LDAP (Lightweight Directory Access Protocol) has a reputation for being complicated, but I hope to dispel that myth and explain exactly how LDAP works in this simple introduction of some of the basic concepts..

What is LDAP?

LDAP is a lightweight protocol for accessing directory servers. Okay, so what is a directory server? It's a hierarchical object orientated database. If that makes you want to run away screaming, don't worry, it'll get worse before it gets better.

Only joking. This guide should make learning LDAP easy. Let's go through that description bit by bit, starting at the end. It's a database, which means we can store data in it. If you've used relational databases, like mysql, then it won't look like anything you're used to, but like a relational database, it allows you to store your data in a user defined structural way.

The second part of our description was object orientated. In LDAP our database is a collection of objects. Like in OO programming, objects are instances of a particular class. A class defines the set of attributes that an object may contain. Classes can inherit from other classes to add additional attributes. LDAP has some differences from the usual OO semantics, which will be explained in the next section.

The final part of our description was hierarchical. Every object in LDAP can contain one or more sub-objects. The result is a tree with the trunk being the root of the directory and the branches and leaves being the objects in the directory. In this way we can build up our database into an easy to navigate, structured database.

Lightweight? Lightweight? What crack are you on?

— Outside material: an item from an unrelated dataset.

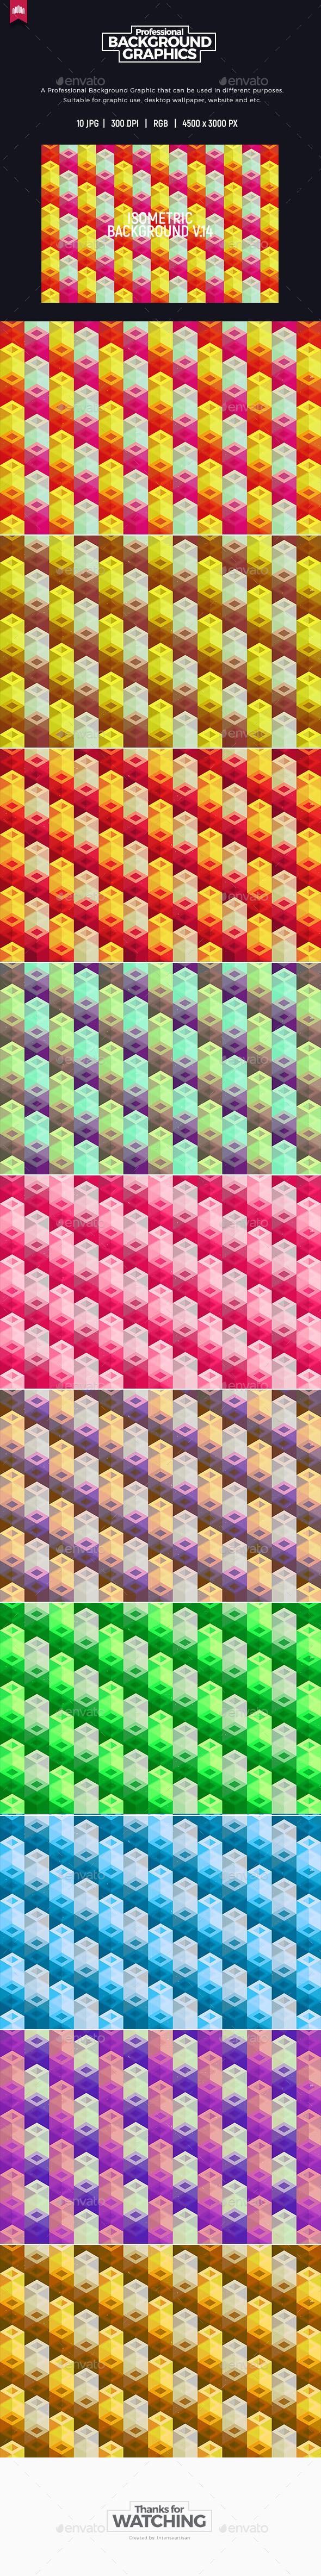 Isometric Background V.14 - Patterns Backgrounds

Sometimes you wonder how anyone could describe this complicated mess as lightweight. The lightweight is in reference to the previous leading standard for directory services, called X.500. The problem with X.500 was that it required the use of the OSI network stack and couldn't use TCP/IP. It was also rather more complicated. LDAP only uses 9 of the operations that X.500 supported, and can use the simpler TCP/IP networking stack.

Objects and Classes

As I mentioned, data stored in LDAP is stored in objects. These objects contain a number of attributes, which are basically a set of key/value pairs. Because data in LDAP is structured, objects can only contain valid keys, and which keys are valid is dependant on what class the object is. Classes in LDAP can define mandatory attributes and optional attributes and their type.

To confuse matters (and this is where LDAP deviates from most OO systems) objects can have more than one class and there are several types of class.

The first type is the structural class. An object must have one and only one structural class. Structural classes tend to map to physical objects like a person or a network. Once an object has been created the structural class can not be changed without destroying the object and creating it again.

Auxiliary classes define additional attributes to complement structural classes. Objects may have many auxiliary classes and can be added and removed after the object has been created.

Finally there are abstract classes, which can not be used directly by objects, but can be used by other classes through inheritance.

Classes are assigned to objects using the objectClass attribute. LDAP defines some basic classes, types and comparison methods by default, but you are free to define your own.


It's well and good me telling you all this, but it probably won't make sense until I show you some examples. A common use for LDAP is an address book, so you could use the person class, which is structural. It defines sn and cn as mandatory attributes and userPassword, telephoneNumber, seeAlso and description as optional fields. A couple of those attributes probably need explaining. sn is surname and cn is common name, which we can use to store the person's full name. The dashed line in the image marks the mandatory and optional attributes.

person object

But what if we wanted to store addresses in the object too? Well if we had used the organizationalPerson, which inherits from the person class, but adds title, street, postalAddress and postalCode. The class adds several more attributes too. Because it inherits from person we still have sn and cn. There is an even more comprehensive class called inetOrgPerson.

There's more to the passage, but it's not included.